(Work item)
Except for images, print the whole listing verbatim.

(Recorded information)

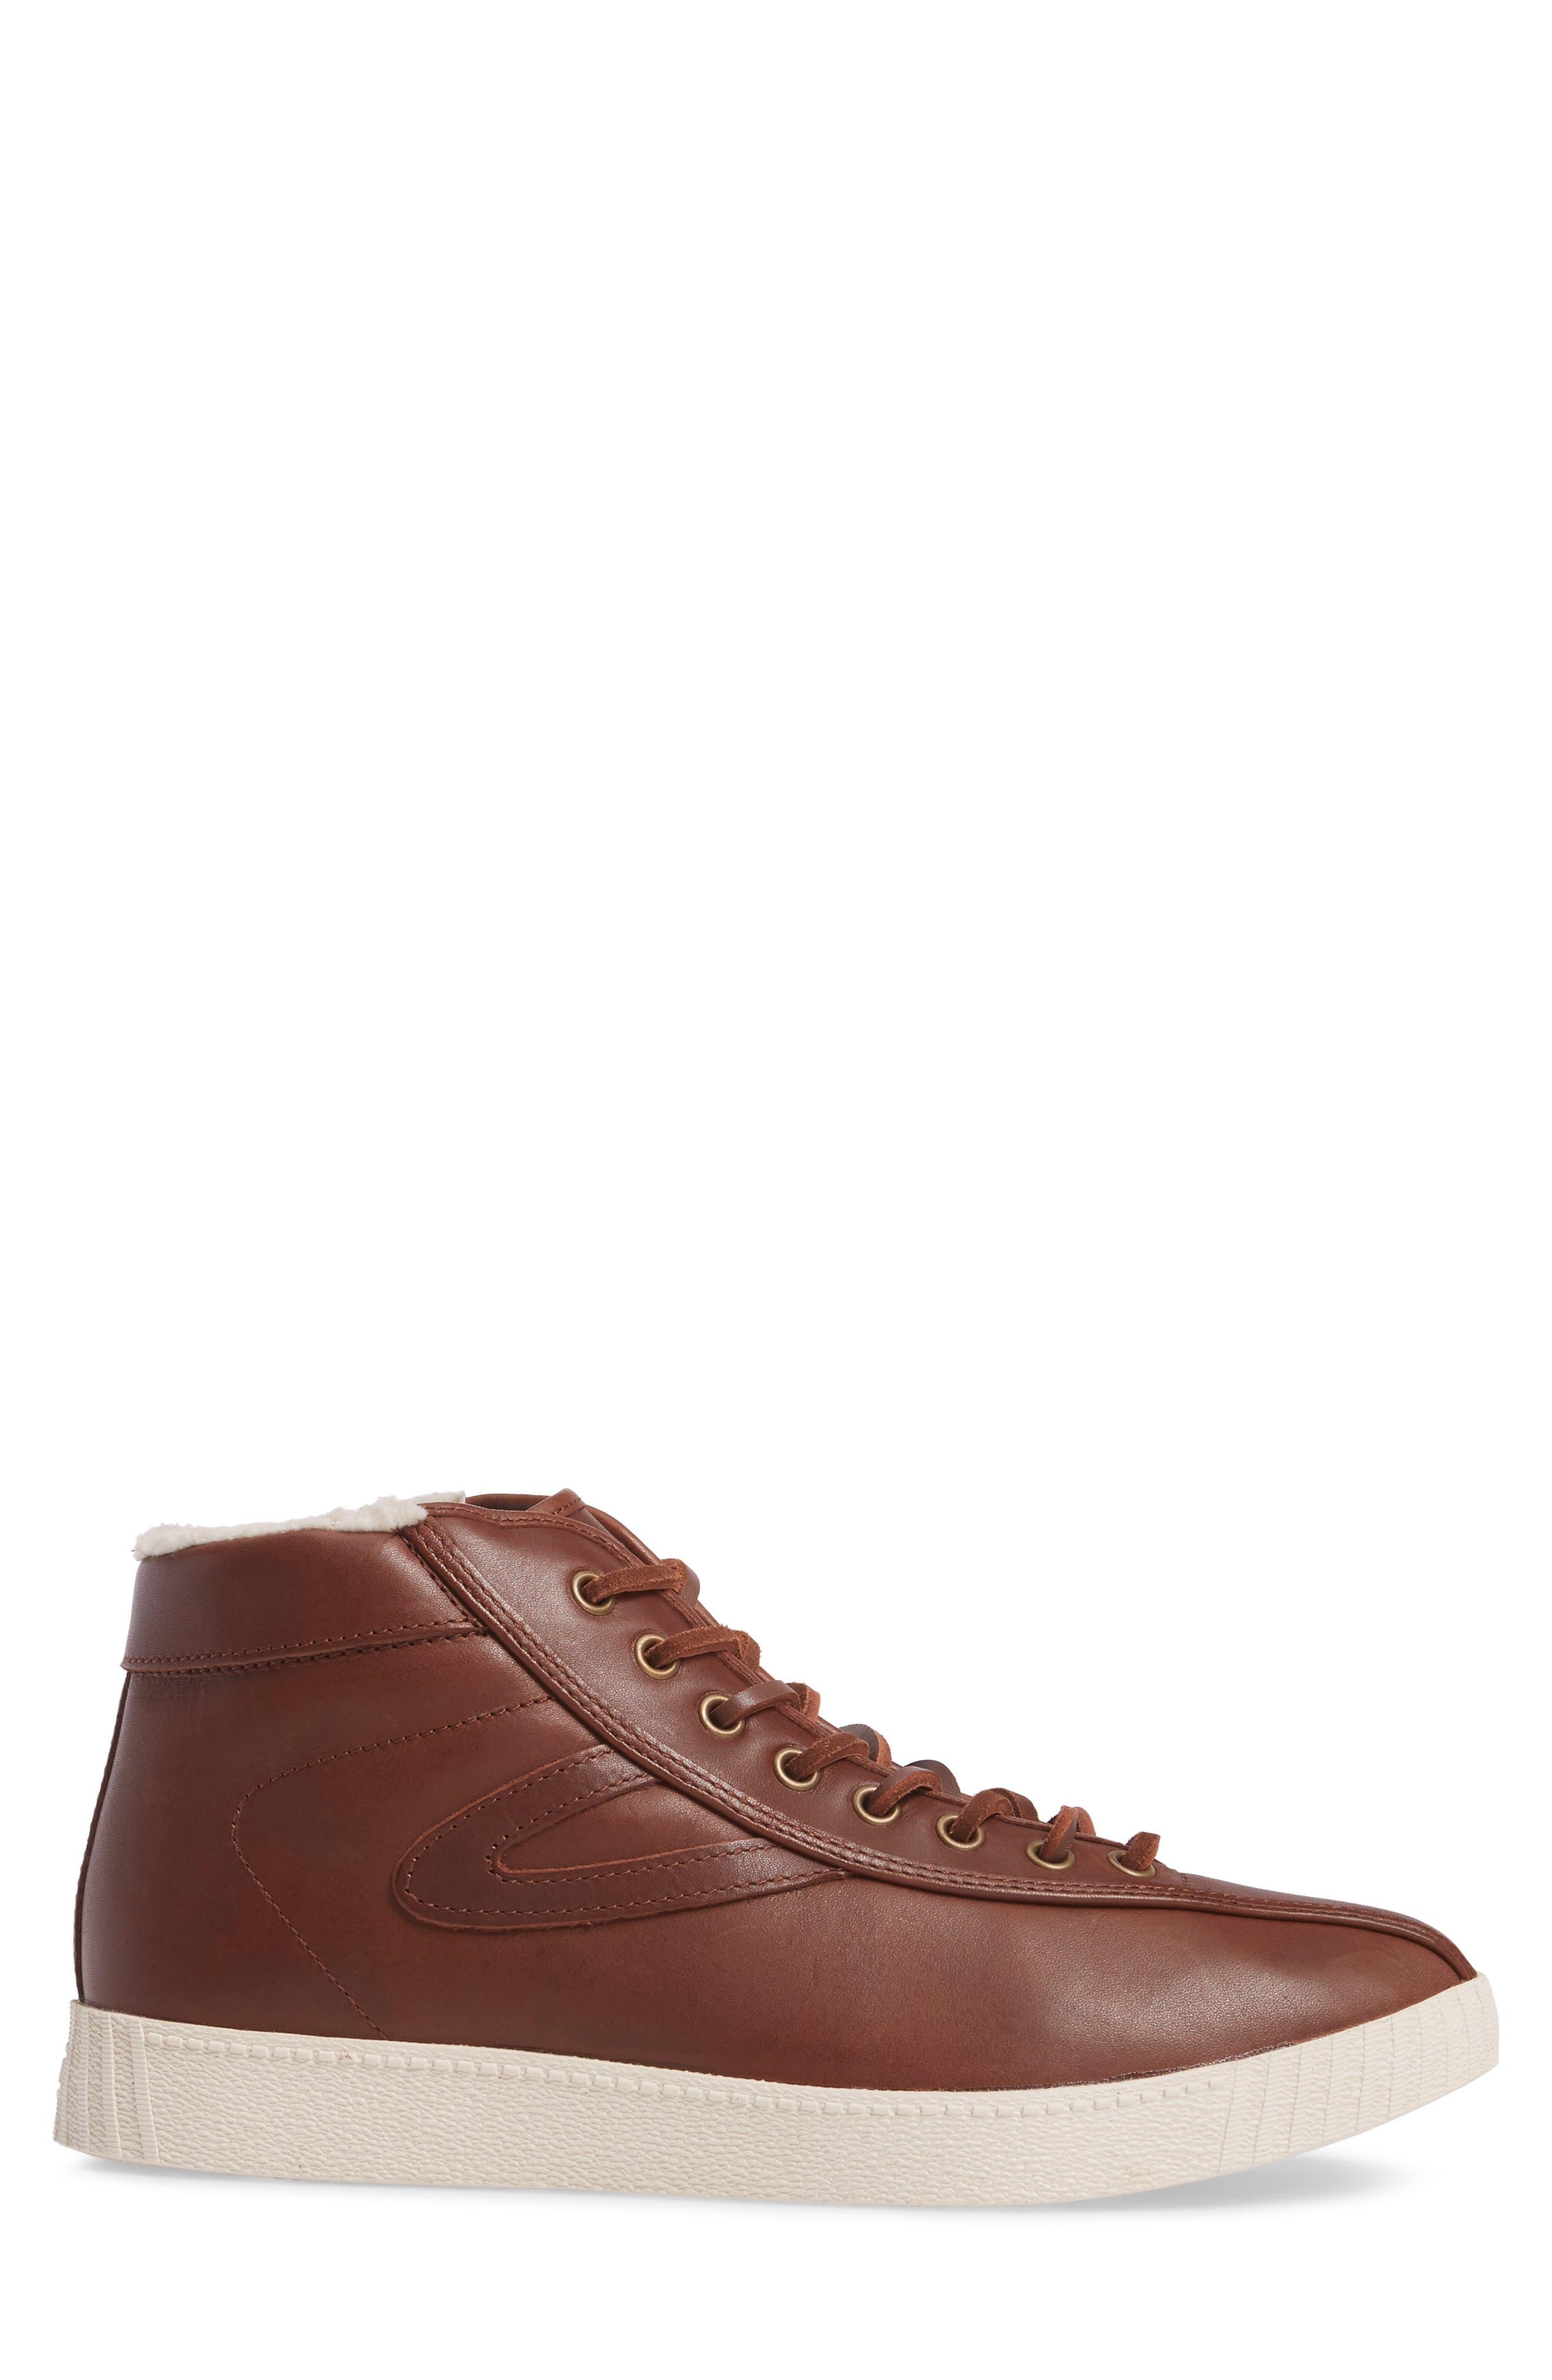 Alternate Image 3  - Tretorn Nylite Hi 2 Sneaker (Men)
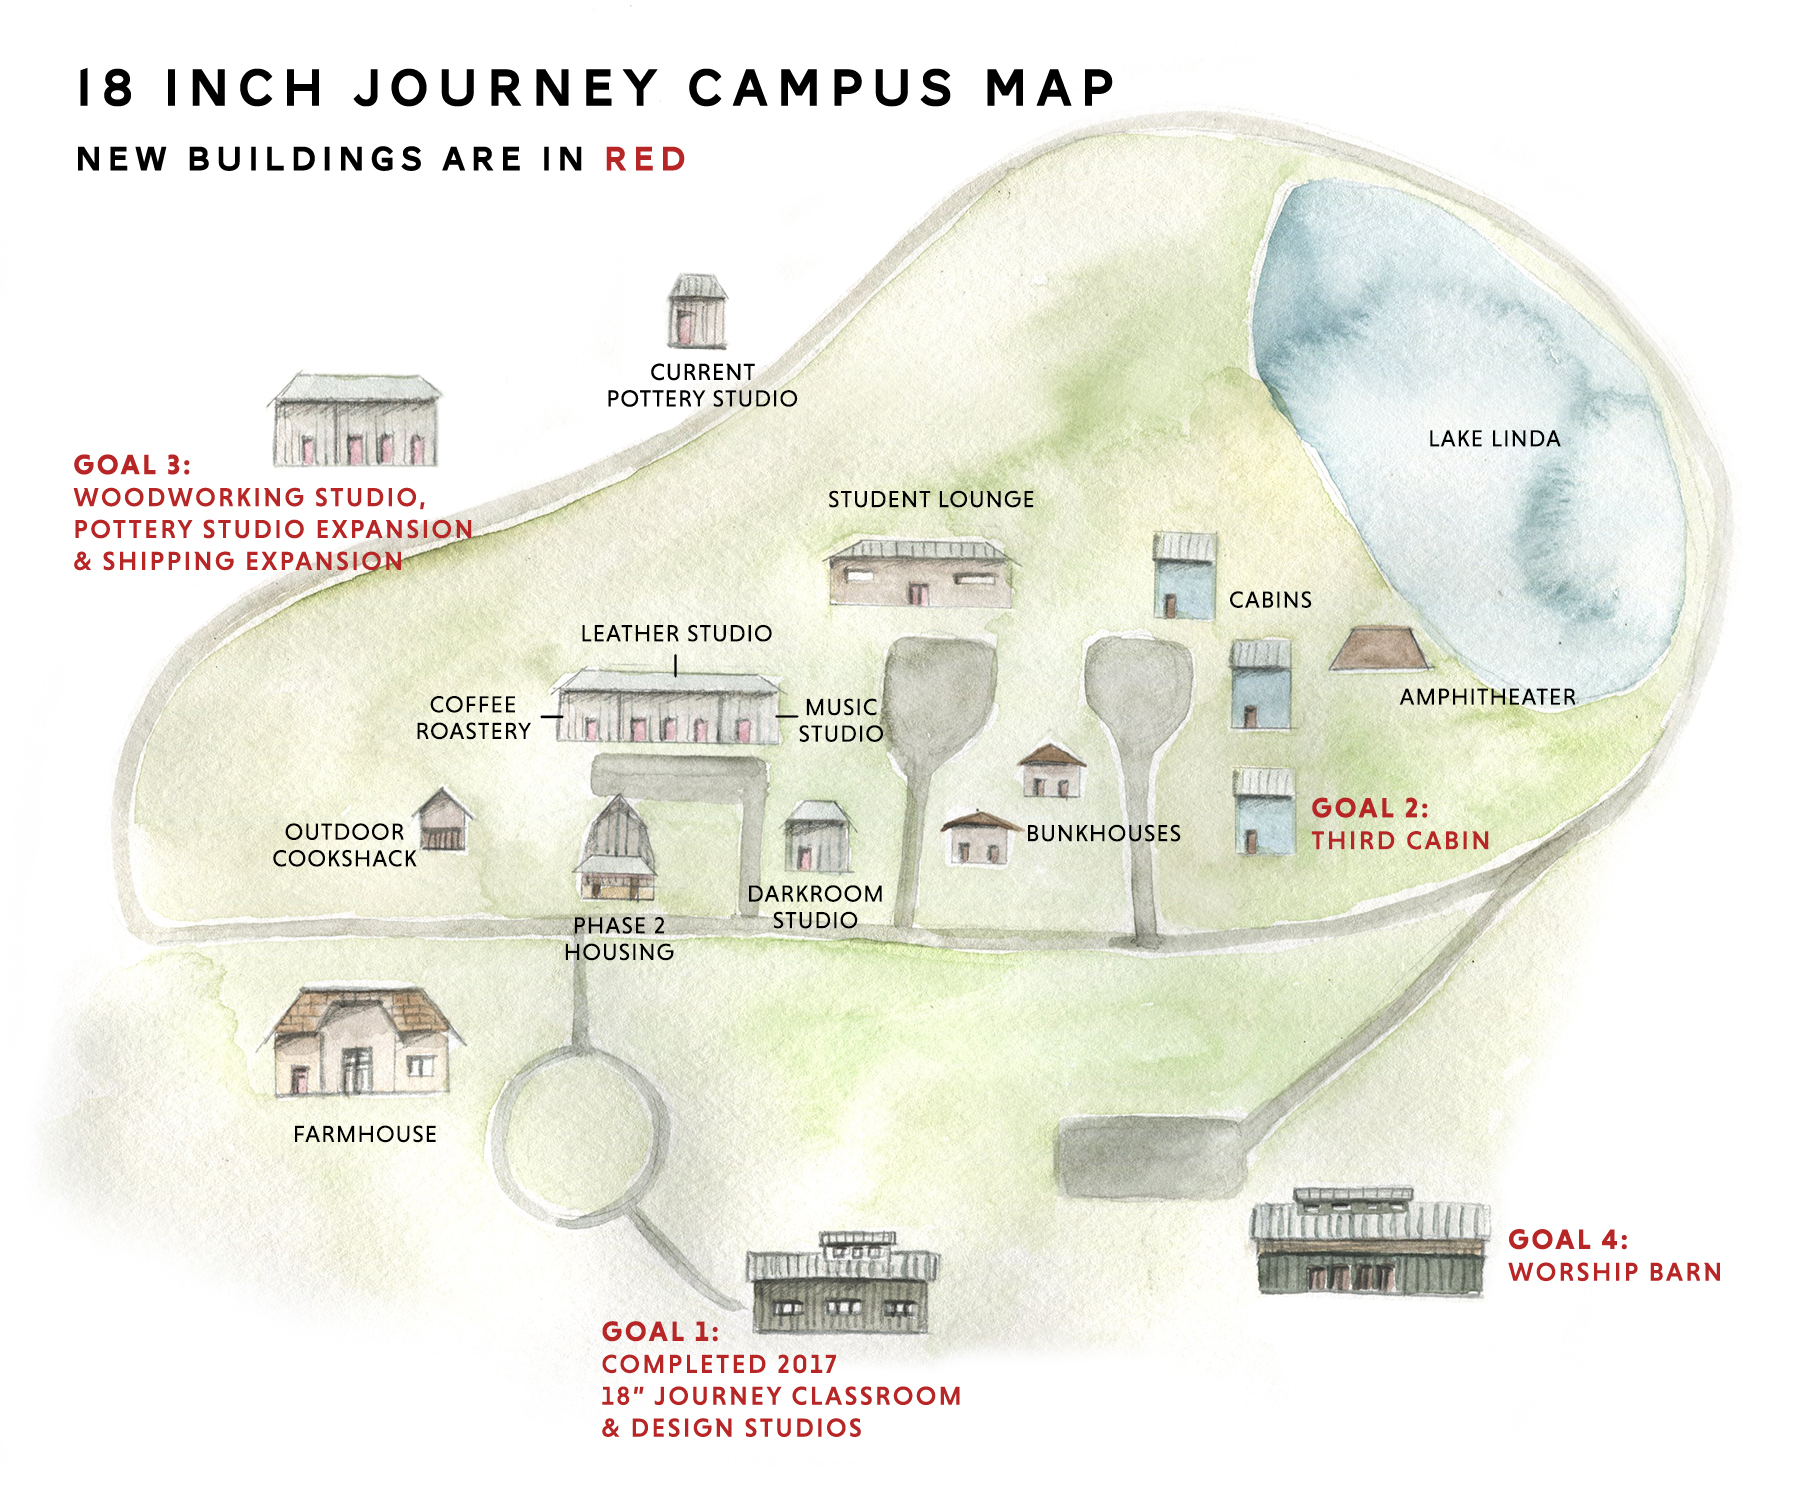 campusmap_goal2ready.jpg
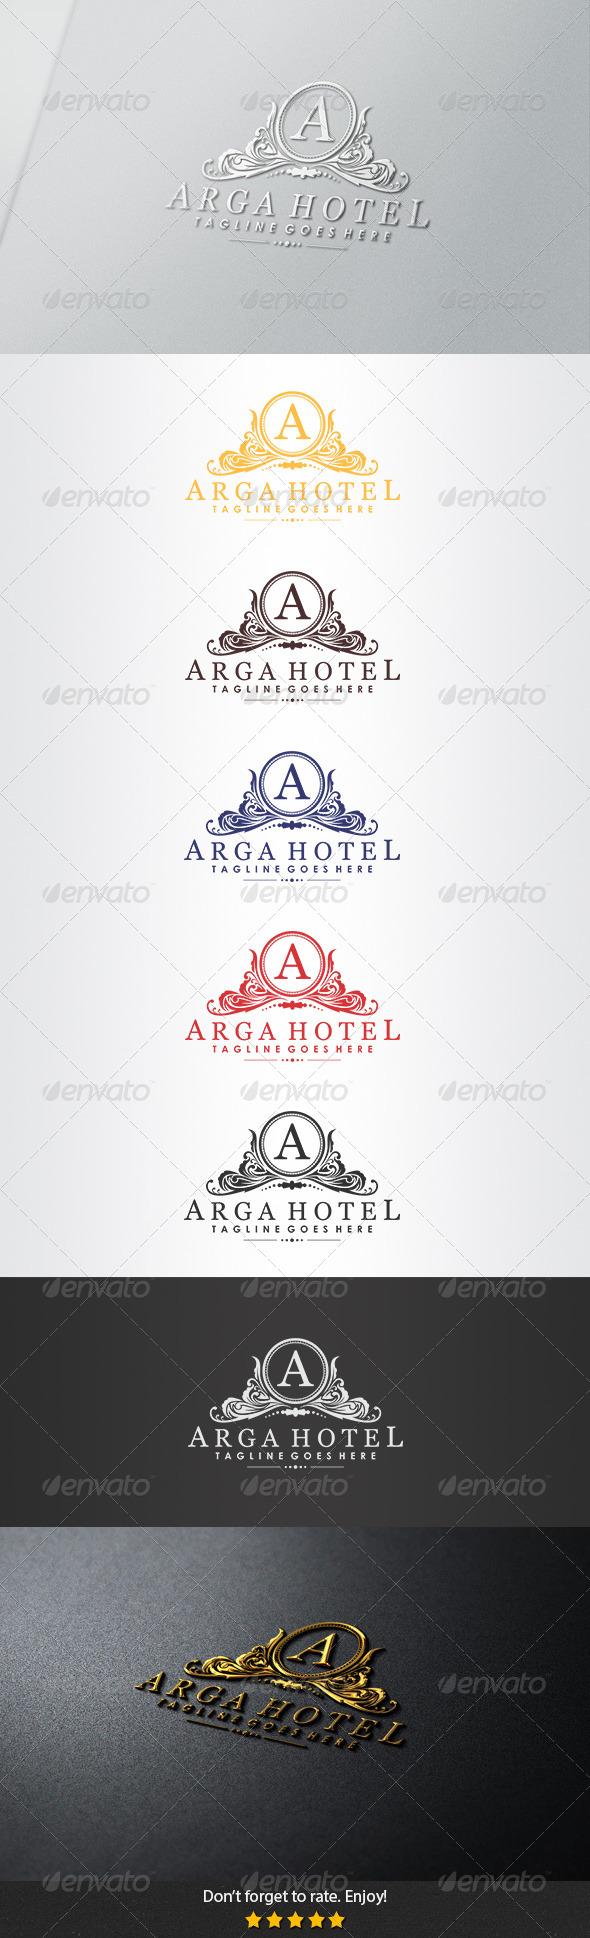 Arga Hotel Logo - Crests Logo Templates

(Your response)
 Alternate Image 3  - Tretorn Nylite Hi 2 Sneaker (Men)
 campusmap_goal2ready.jpg
 Arga Hotel Logo - Crests Logo Templates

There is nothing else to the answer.